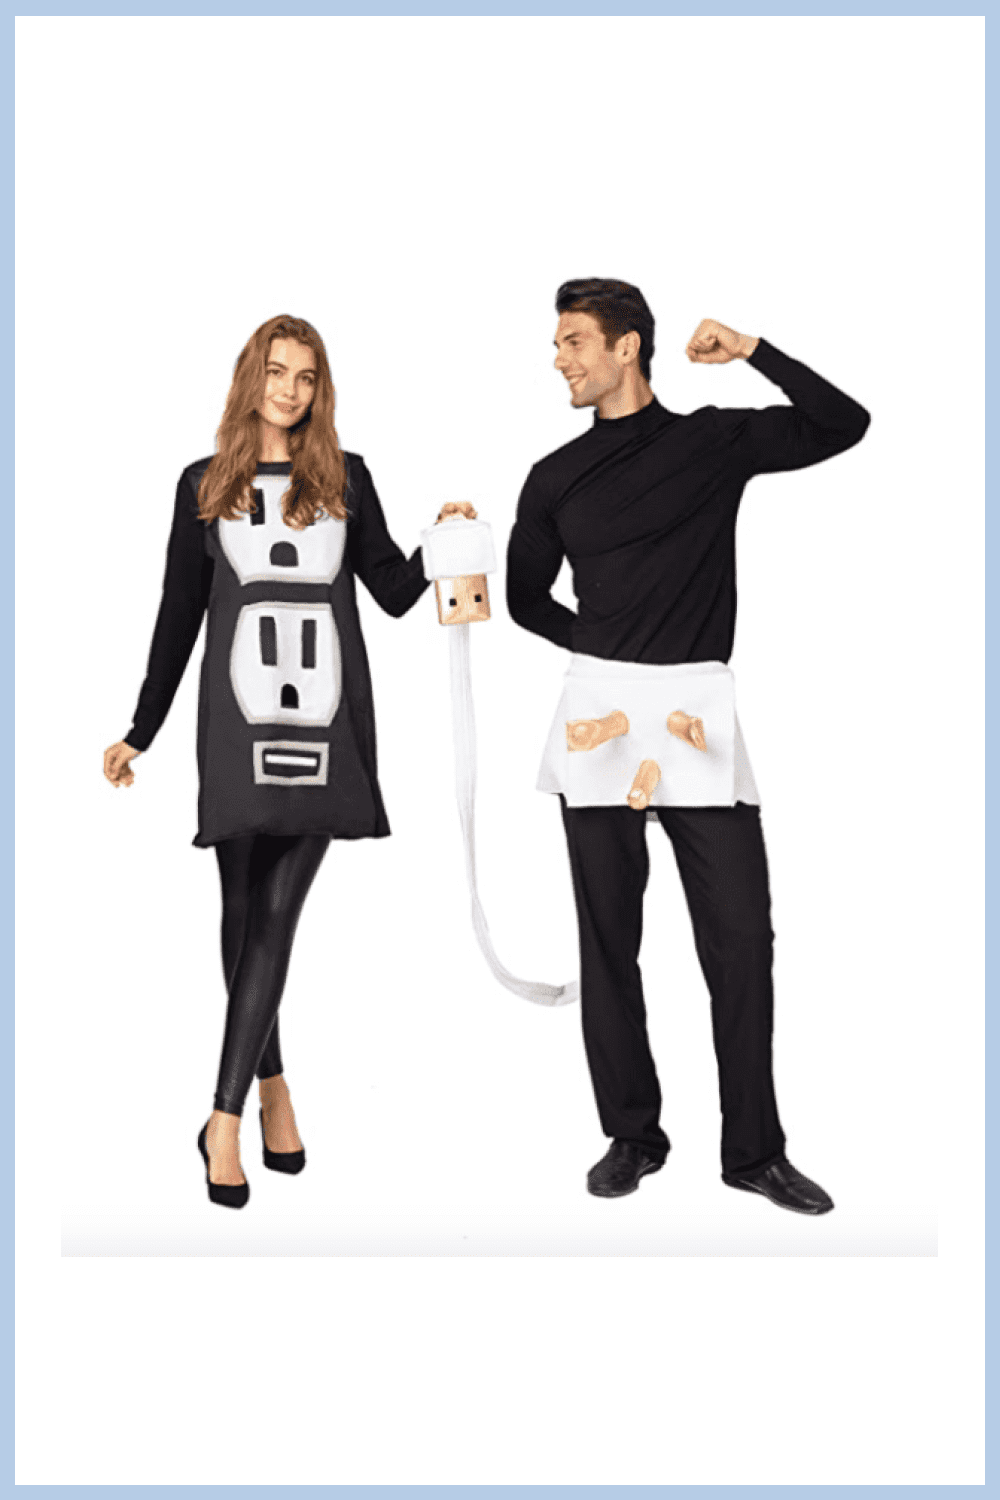 This costume is for adults only, maybe only for two.
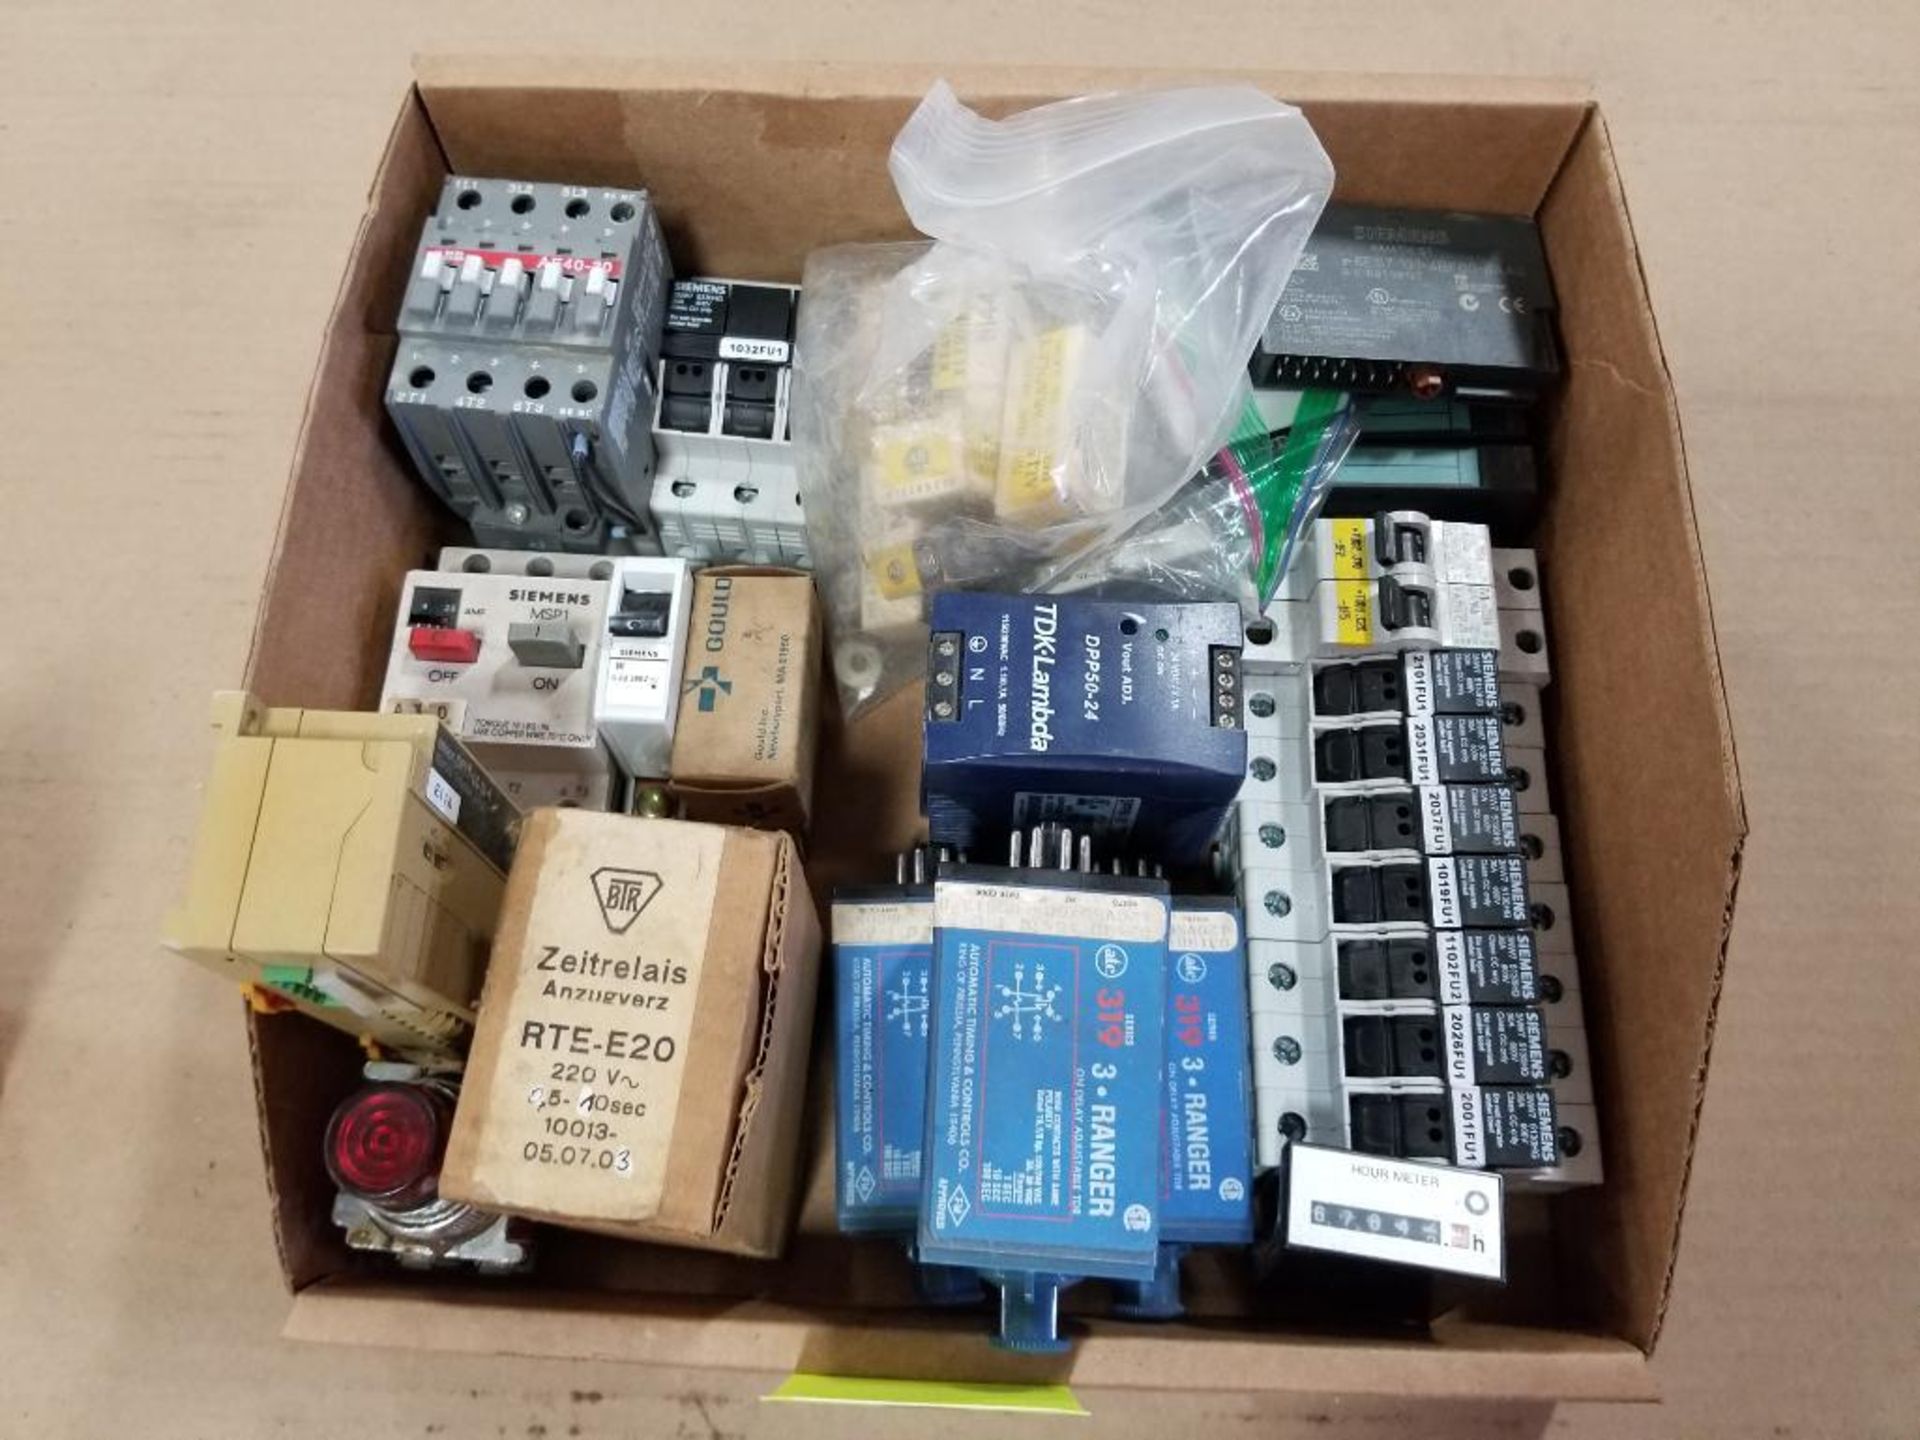 Assorted electrical contactor, breakers, relay. BTR, Siemens, ATC, ect. - Image 10 of 10
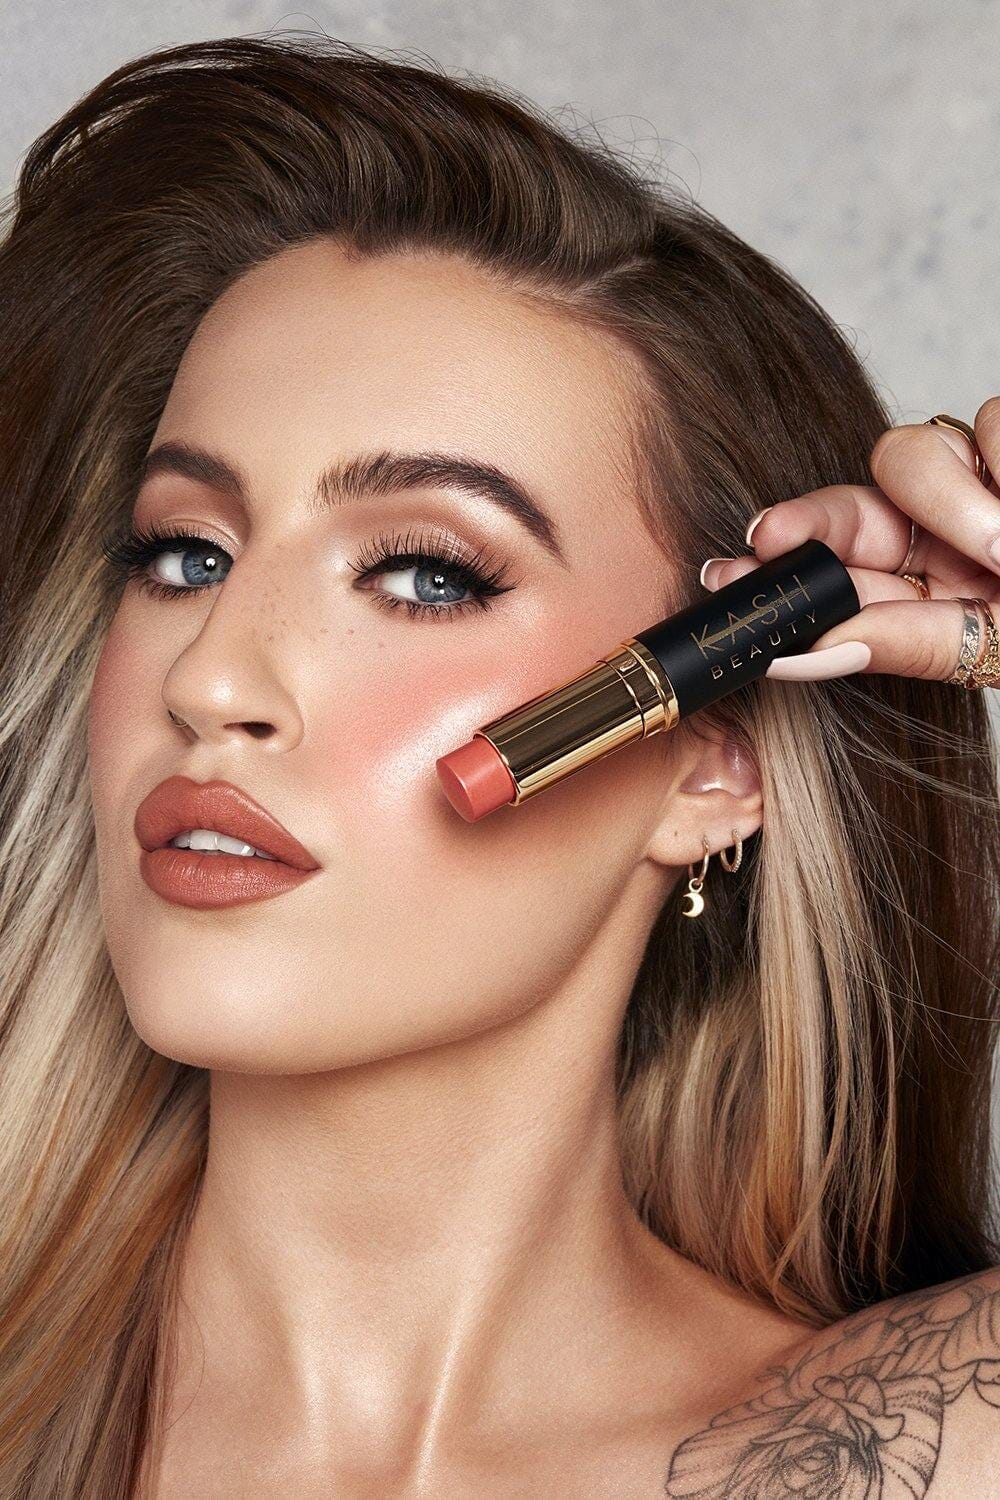 Instagram phenomenon and makeup artist Keilidh Cashell has added cream products to her arsenal at Kash Beauty. - KASH Beauty
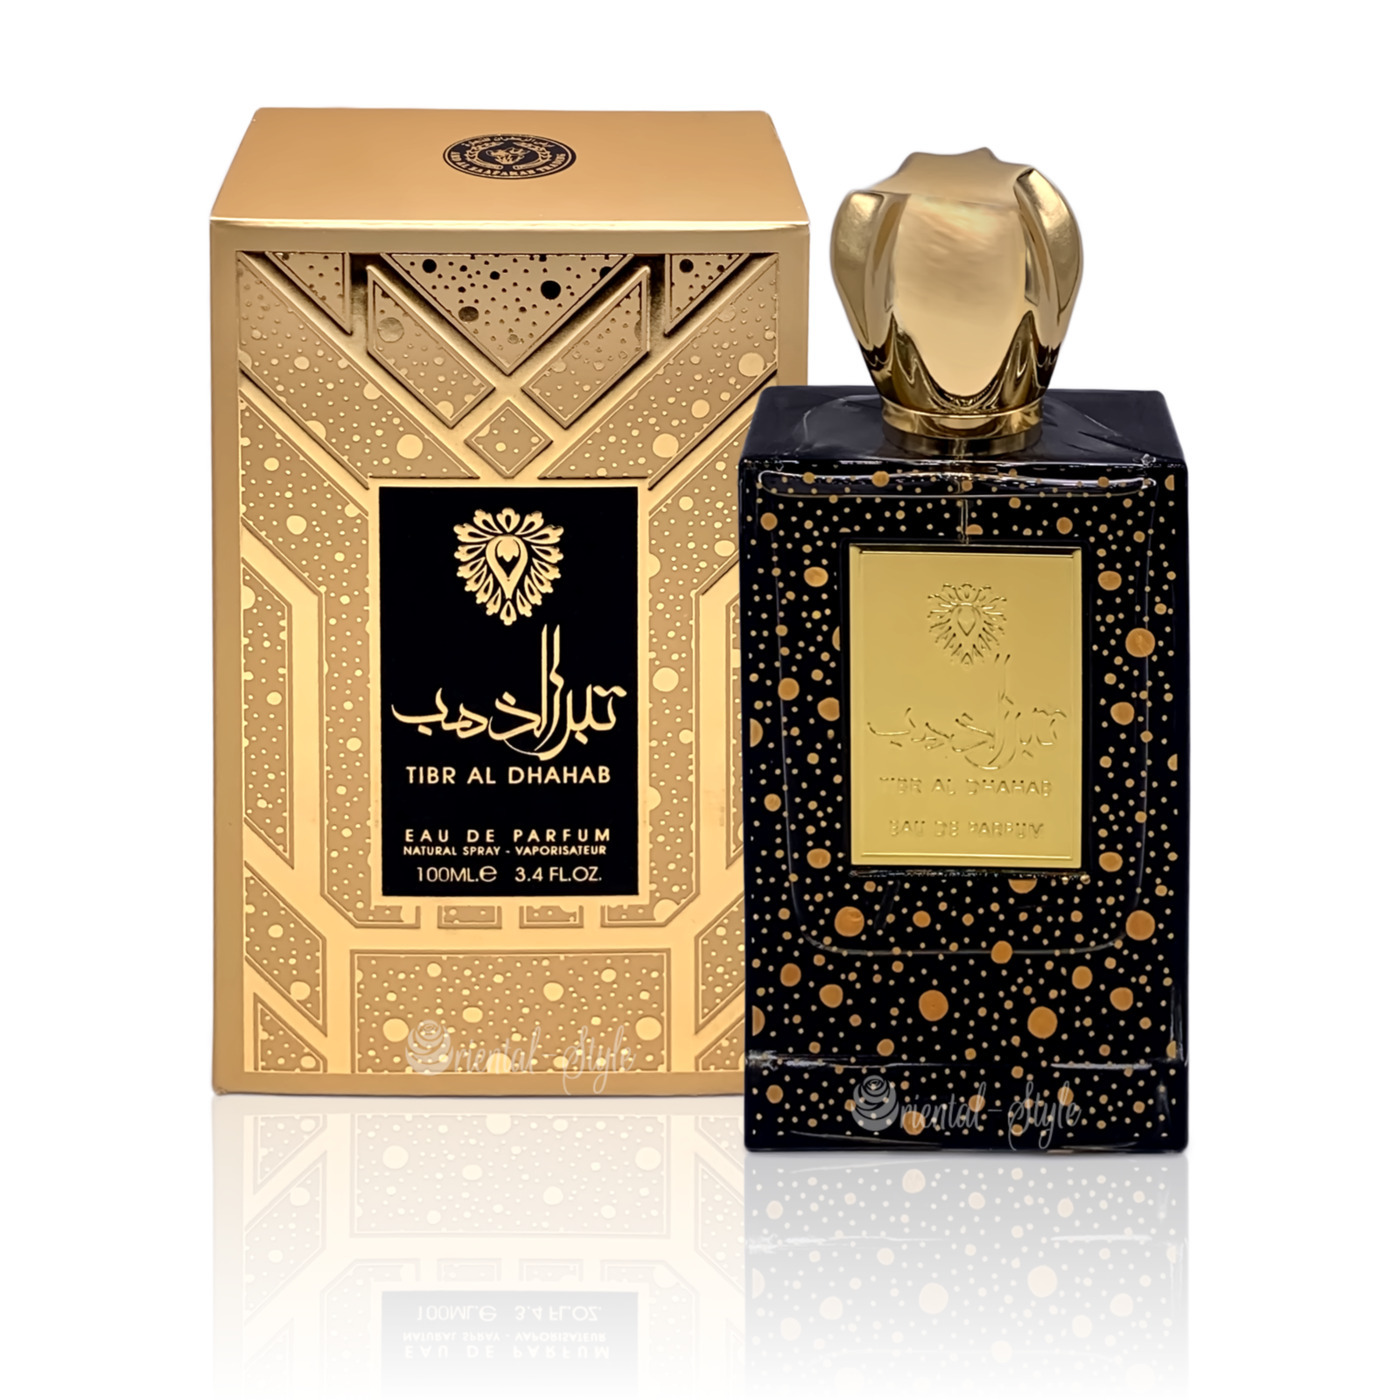 Initio Parfums prives oud for Greatness
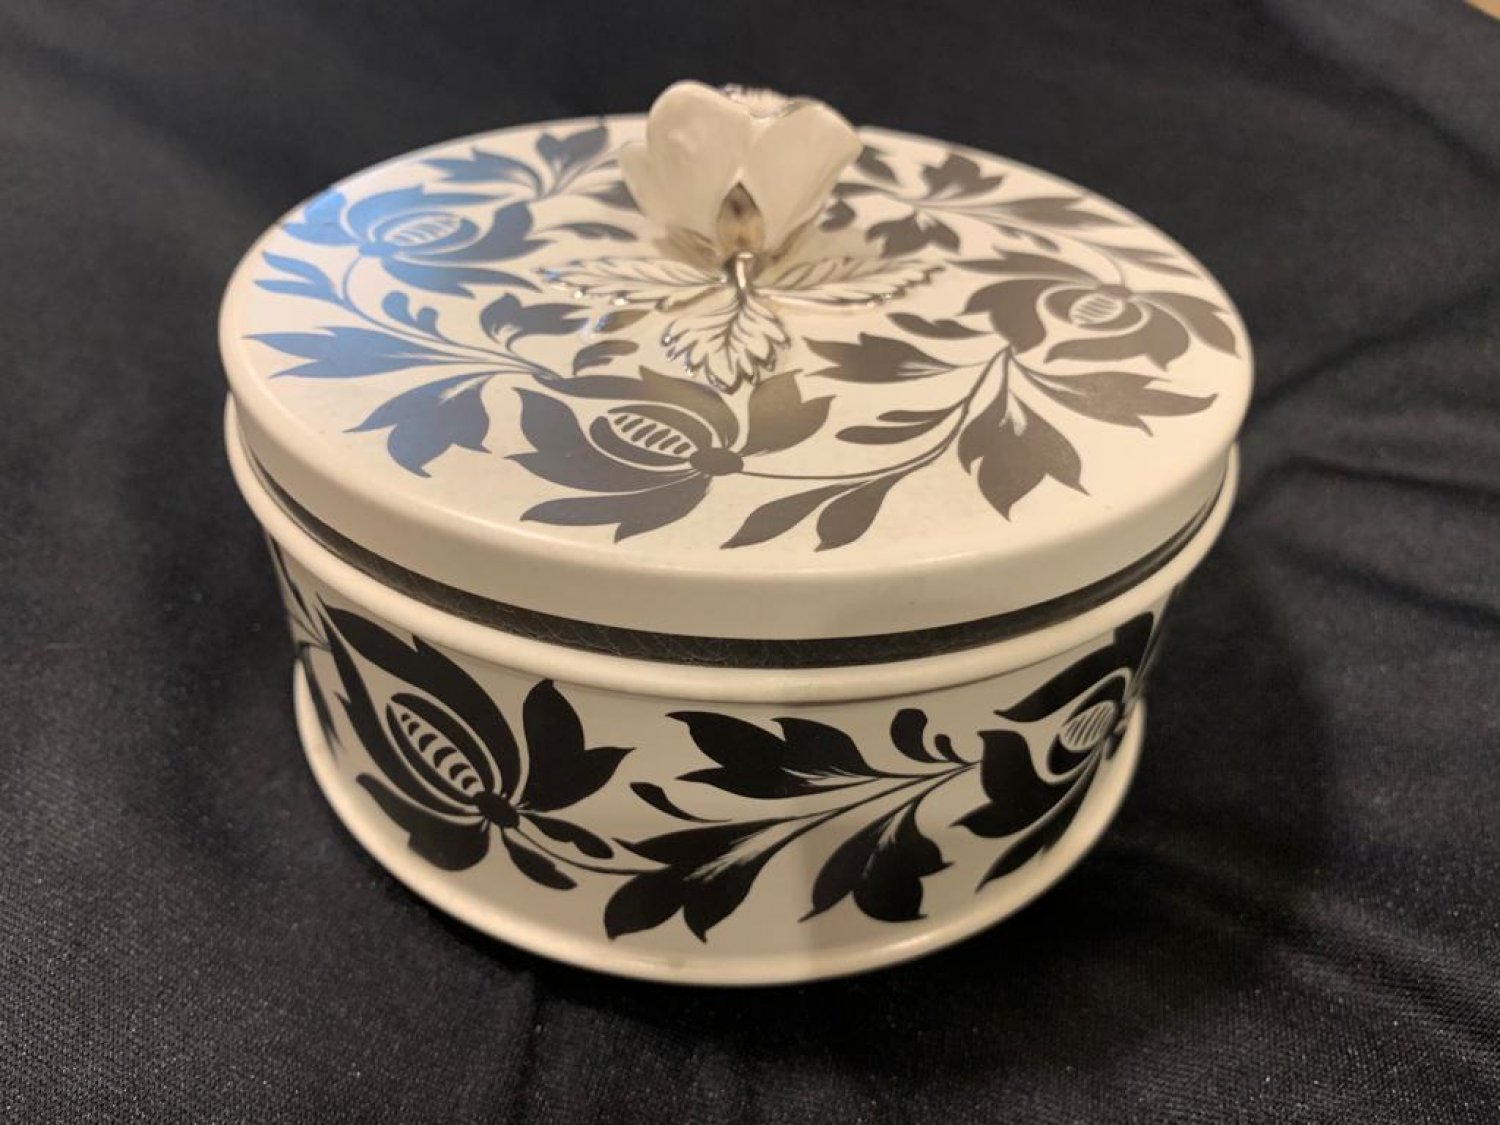 Wedgwood circular covered box with floral finial

* What you will do: With pictures left out, extract the lines from the one containing "Instagram phenomenon and" to the end of the material above, both included, exactly as written.

* Task answer:
 Instagram phenomenon and makeup artist Keilidh Cashell has added cream products to her arsenal at Kash Beauty. - KASH Beauty
 Initio Parfums prives oud for Greatness
 Wedgwood circular covered box with floral finial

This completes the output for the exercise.